12. The Tribunal has also considered, in this context, the extent of the Adjudicator and Tribunal's task. In [2003] UKIAT 00078 G Algeria it held
“We should not prejudge the Entry Clearance Officer's decision or assume that he would breach Article 8 when making that decision. The issue before us, as for the Adjudicator, is whether it would be disproportionate to require the Appellant to return to Algeria to make a visa application for entry to the UK as a spouse in accordance with the Immigration Rules.”

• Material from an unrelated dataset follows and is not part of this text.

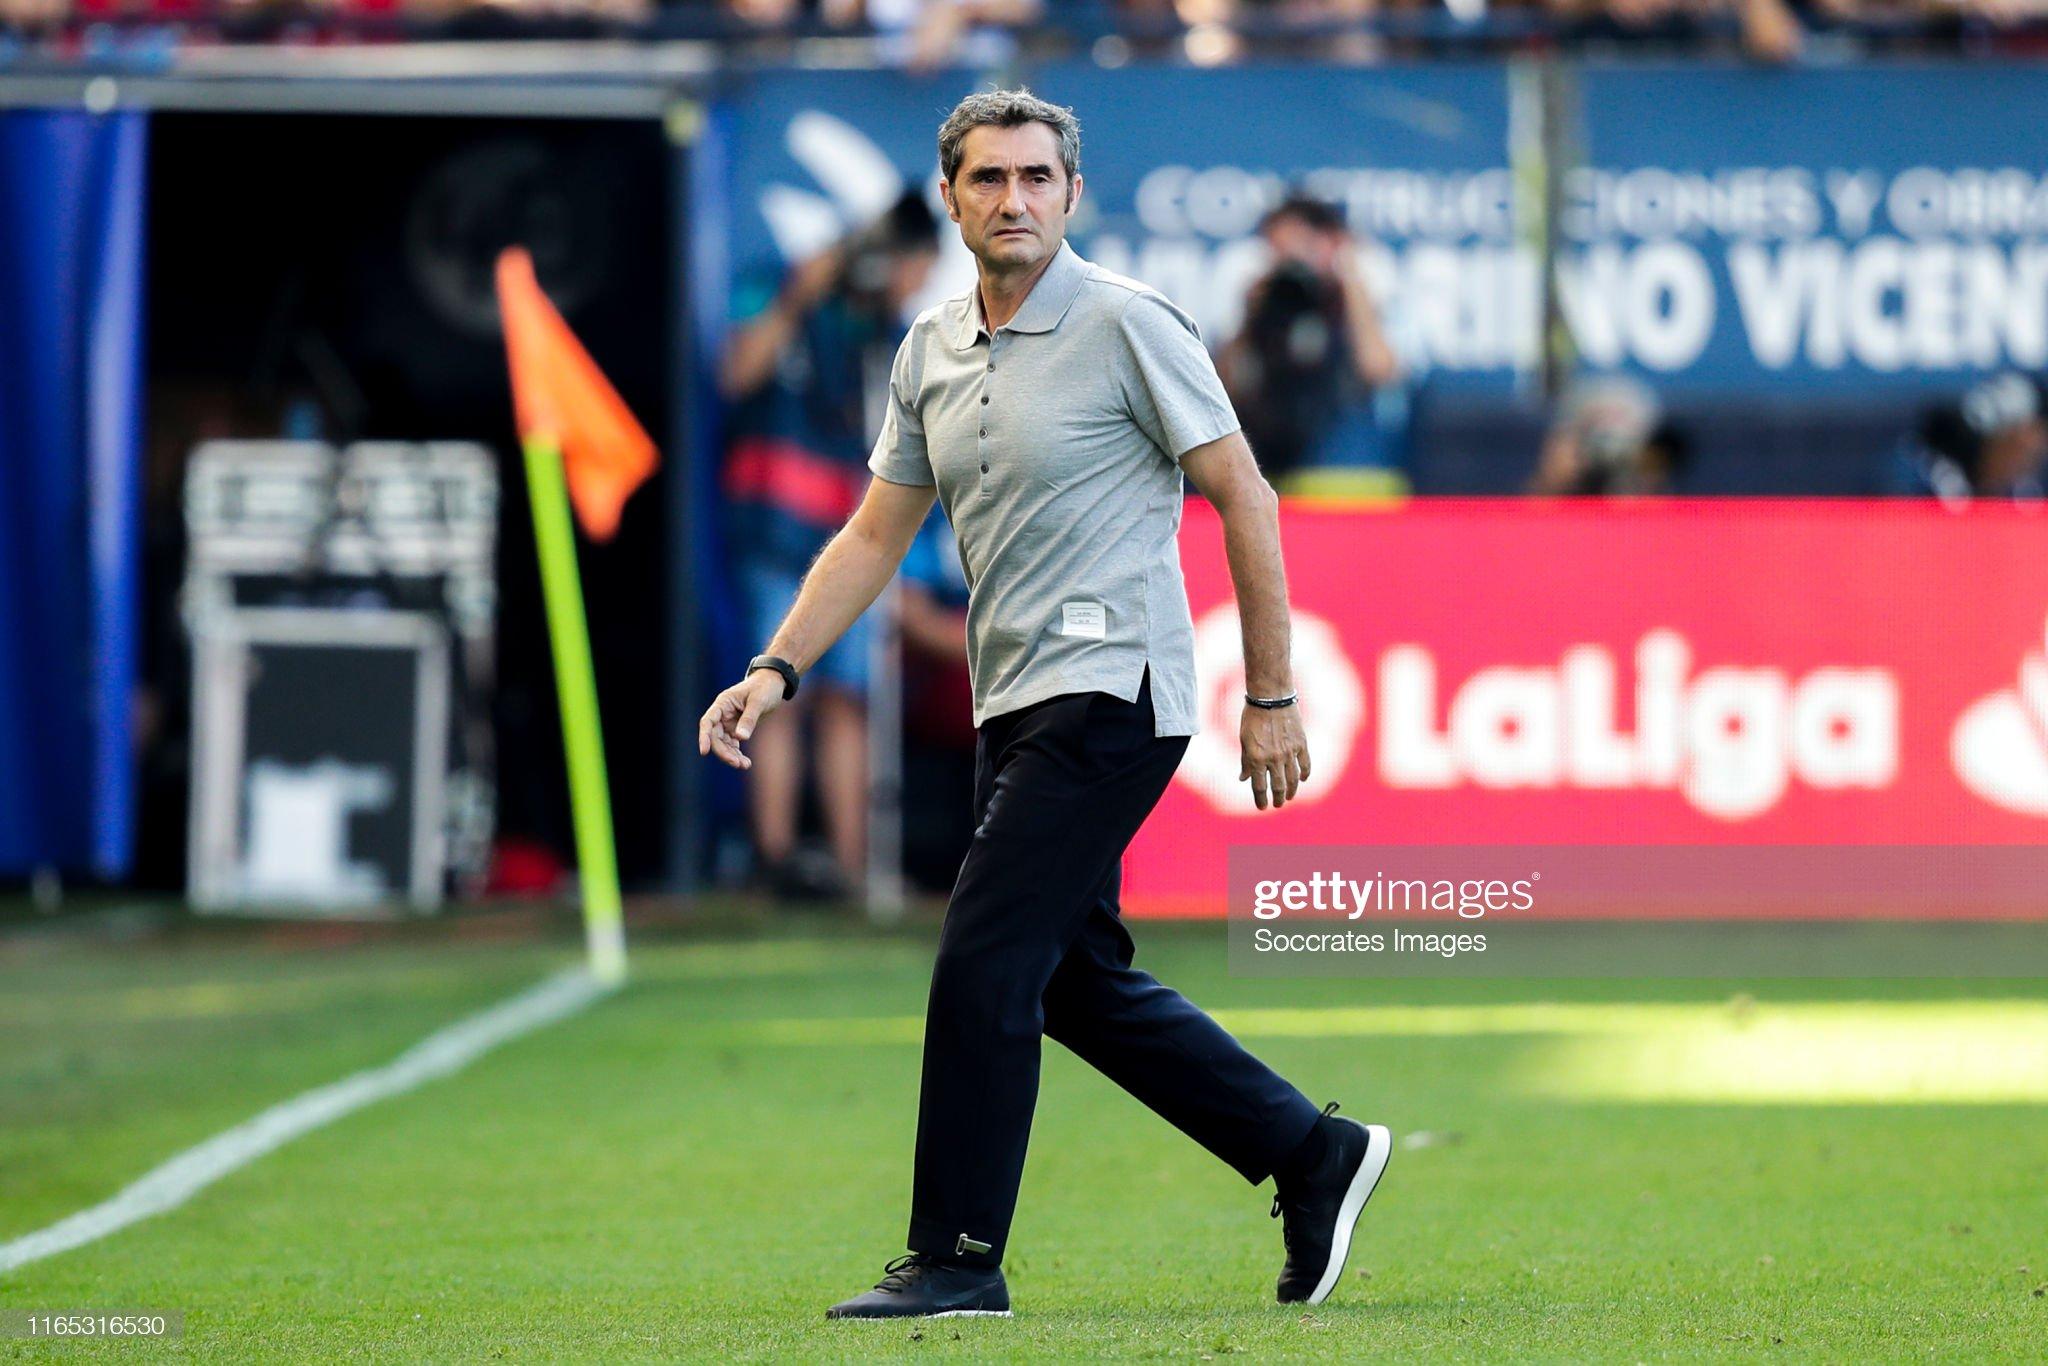 صور مباراة : أوساسونا - برشلونة 2-2 ( 31-08-2019 )  Coach-ernesto-valverde-of-fc-barcelona-during-the-la-liga-santander-picture-id1165316530?s=2048x2048

13. We have applied these principles to the present appeal. The Appellant came to the UK by deception and delayed a year before even making his asylum application, which was then dismissed for lack of credibility. At no point during his stay would he have been entitled to asylum and thus the policy of the Respondent, to discourage illegal entry by deception and queue jumping, is properly engaged. His wife must have been aware of his precarious immigration status when they began their relationship, and they married after his application for asylum had been refused by the Respondent. Having said that the Appellant has lived here now for many years and he has a family and a home and a good job in the UK. His wife works part-time. There is no evidence that his present employers would not be willing to re-employ him on his return. Be that as it may, given his actual earnings and his potential earnings in the future in the UK, there is no reason why an application for entry by him from Nigeria should be turned down. There is no evidence either that the process will be unduly protracted. Thus on the facts an application is likely to succeed, but even if it were not, the Adjudicator was entitled to conclude that it would be proportionate to expect the Appellant, as a person who had entered the UK by deception, to have to return home and make a proper application for entry from there, notwithstanding the other countervailing factors in the balancing exercise. In suggesting that the requirements for entry clearance present an insuperable obstacle to the Appellant returning to the UK legally, Mr Joseph misunderstood both the facts, and indeed the reference in Mahmood to “insuperable obstacles,” which properly relates to the different issue of whether the Appellant's family could return to his home country with him.

14. For the reasons stated above we conclude that the Adjudicator's decision was properly open to him and is fully sustainable. Accordingly, this appeal is dismissed.